- Court: Privy Council
- Full case name: “A” Appellant v Michael Bernard Bottrill Respondent
- Decided: 6 September 2002
- Citation: [2002] UKPC 44
- Transcript: High Court judgment PC judgment

Court membership
- Judges sitting: Lord Nicholls of Birkenhead, Lord Hope of Craighead, Lord Hutton, Lord Millett, Lord Rodger of Earlsferry

Keywords
- negligence

= A v Bottrill =

A v Bottrill [2002] UKPC 44 is a cited case in New Zealand regarding the awarding of exemplary damages.

==Background==

Dr Bottrill was a pathologist in Gisborne. Due to his negligence, he misread A's slides for cervical cancer, resulting in her delaying her treatment.

Barred by ACC law from pursuing Bottrill in court for ordinary damages for her suffering, A instead sued him for exemplary damages, which is a far higher standard to meet.

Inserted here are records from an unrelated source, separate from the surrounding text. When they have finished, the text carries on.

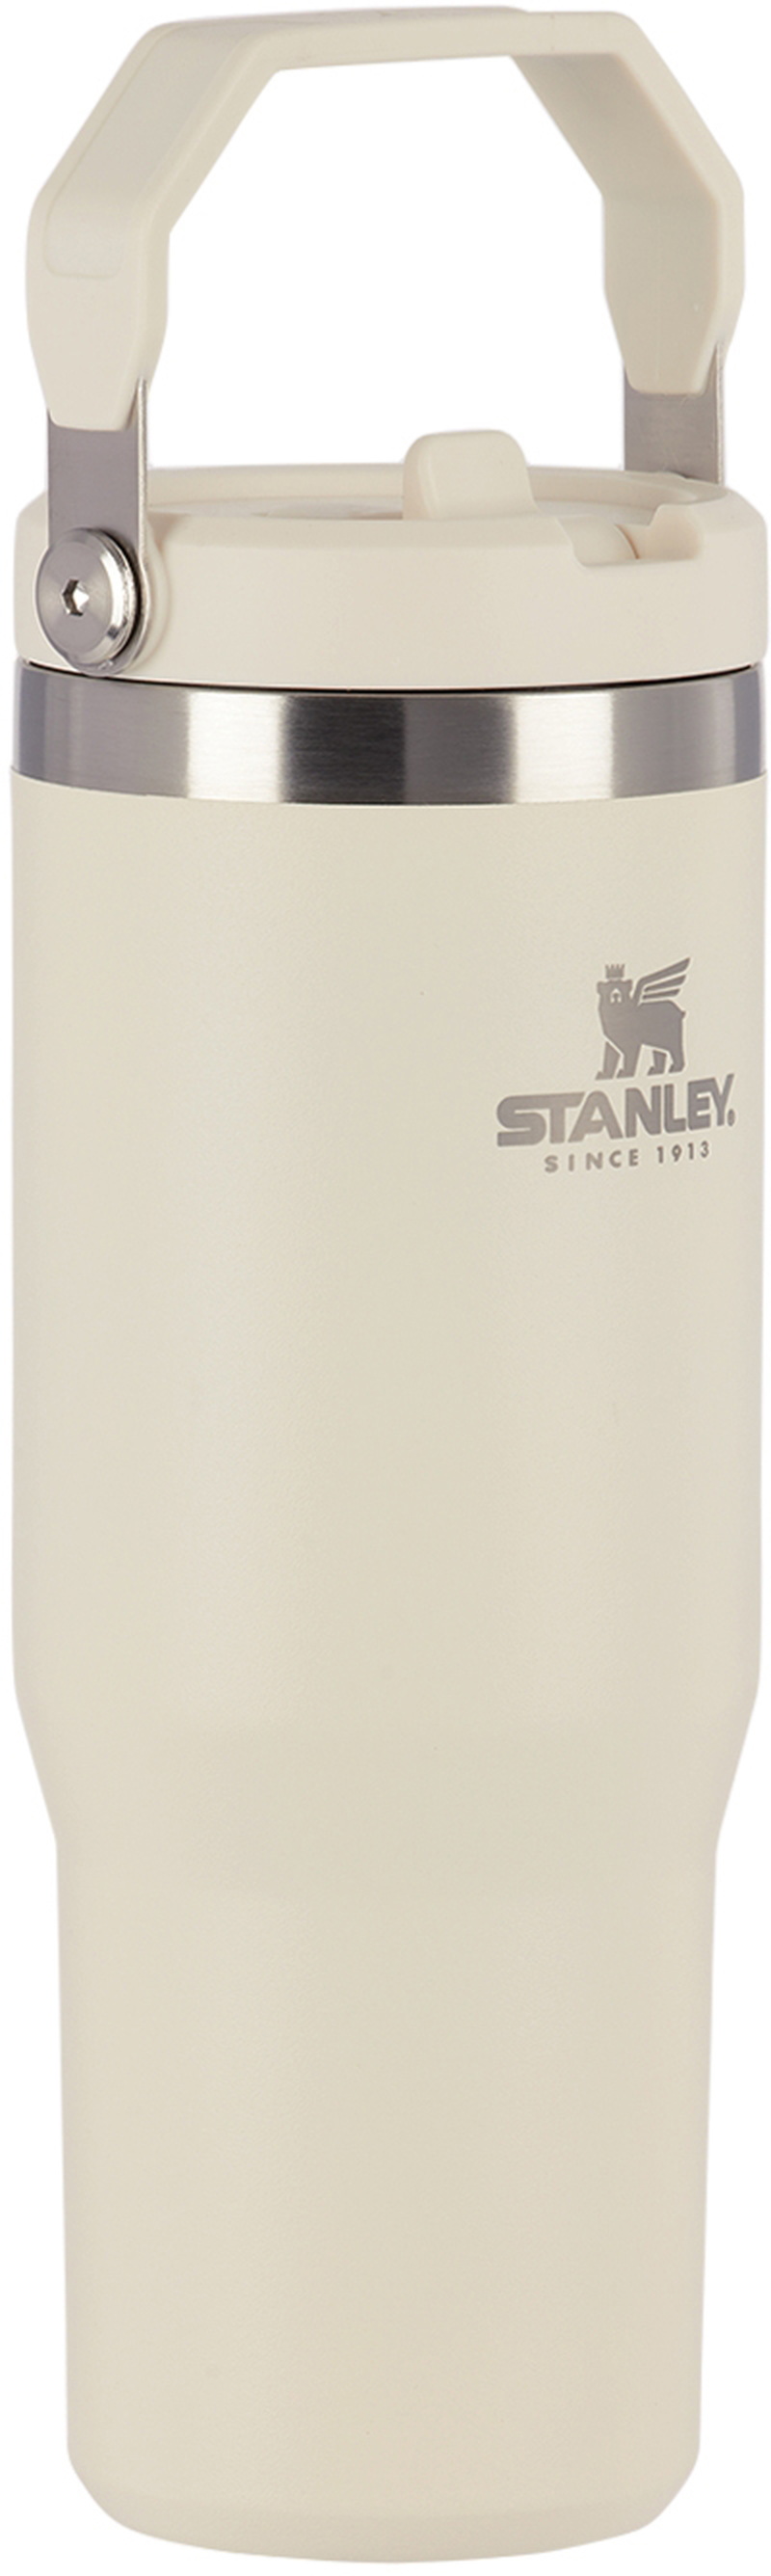 Stanley® Iceflow Flip Straw Tumbler 30 Oz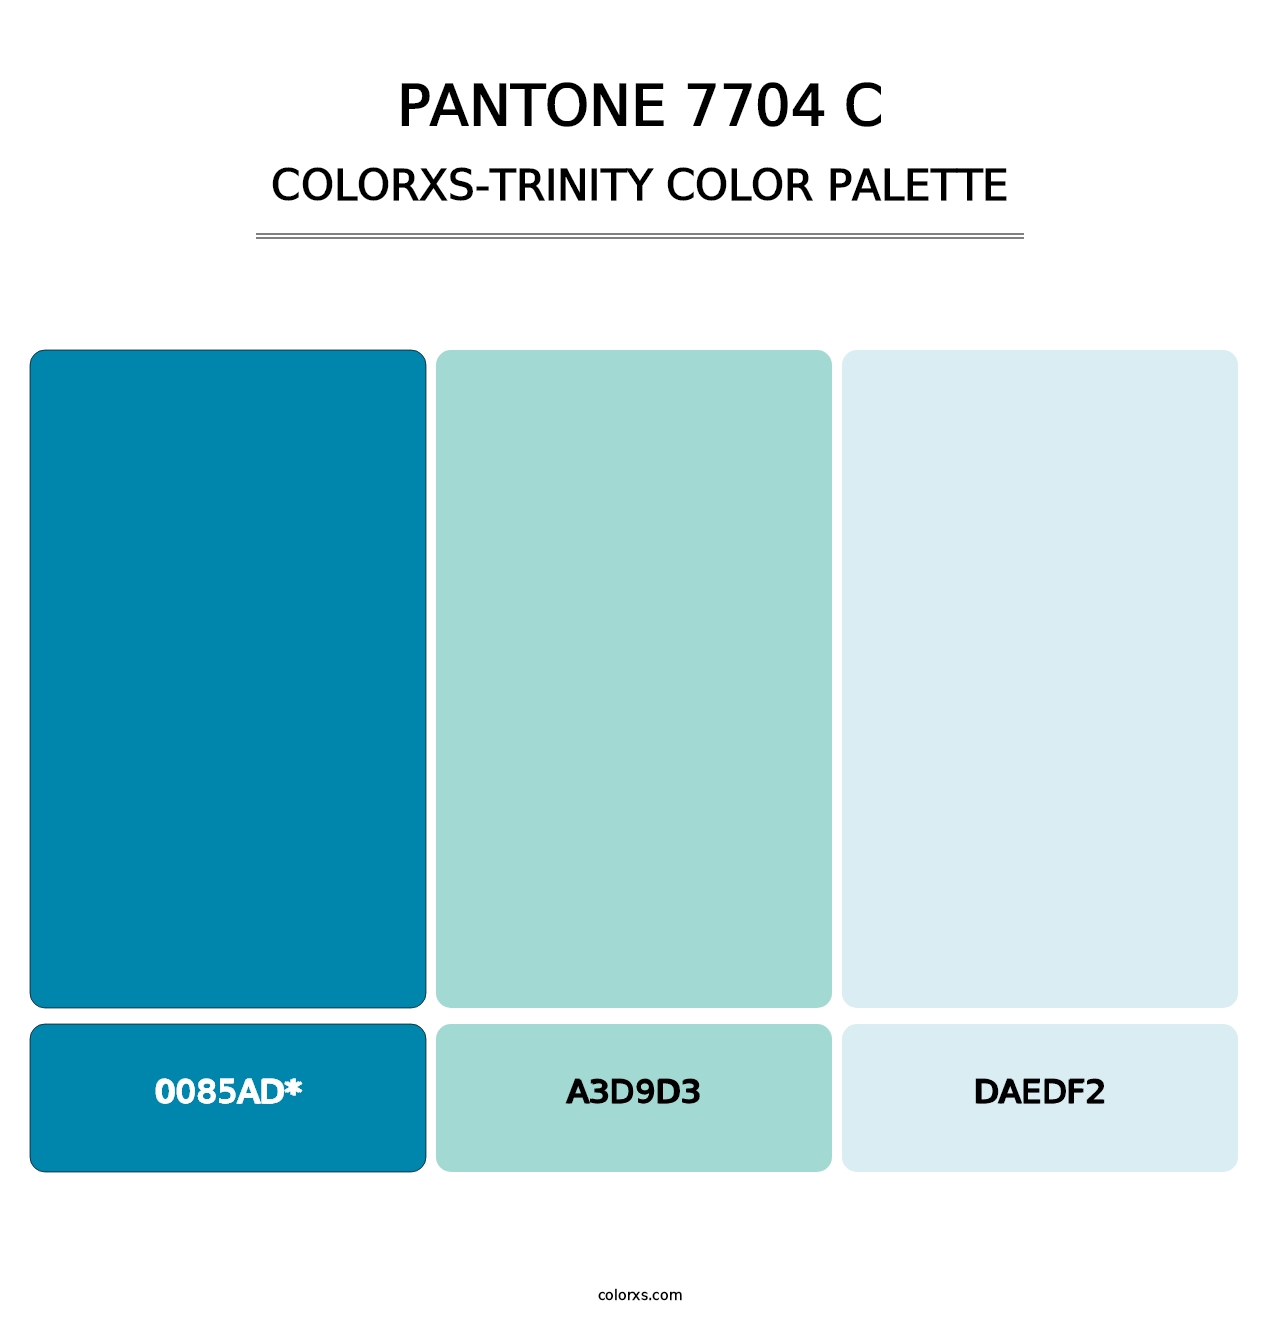 PANTONE 7704 C - Colorxs Trinity Palette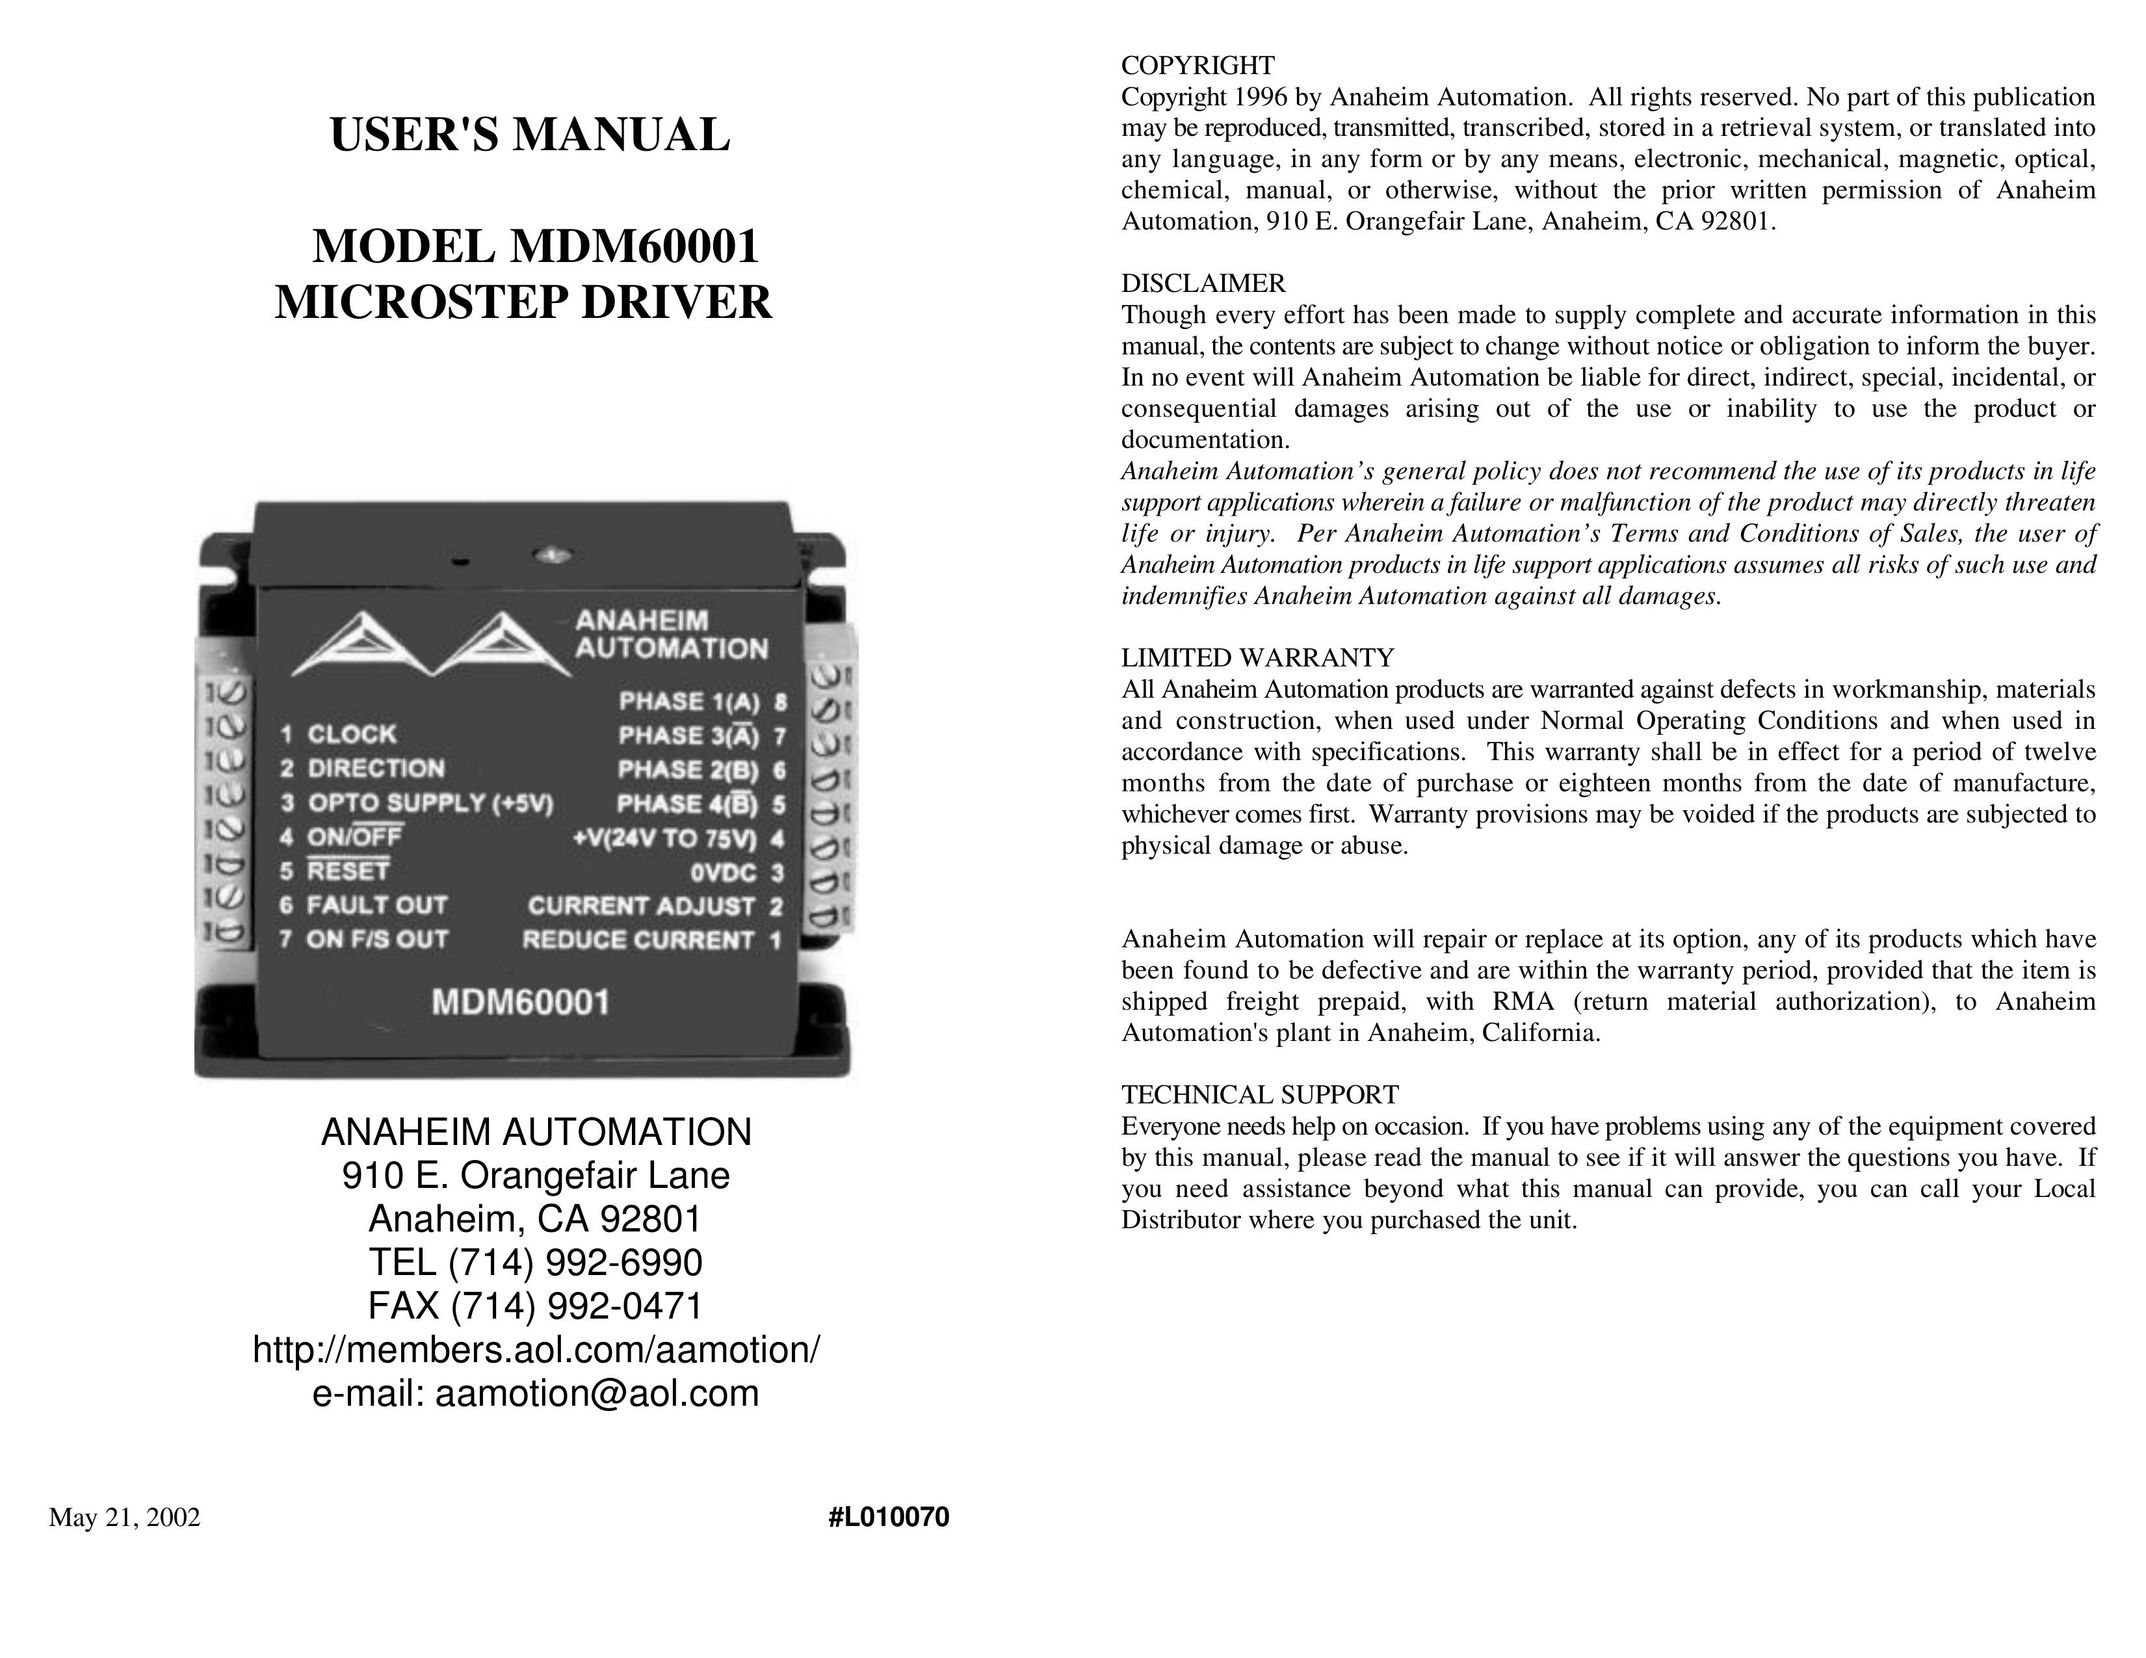 Anaheim MDM60001 Computer Drive User Manual

Her High Court claim in 1999 was dismissed, as well as her subsequent appeal to the Court of Appeal.

==Decision==

The Privy Council upheld her appeal, and referred the matter back to court. The appeal was helped by new evidence of Dr Bottrill's negligence.

Footnote: Subsequent to her 1999 claim being dismissed, it was discovered that Bottrill had misread numerous other people's slides, causing a national uproar, resulting in a Commission of Inquiry.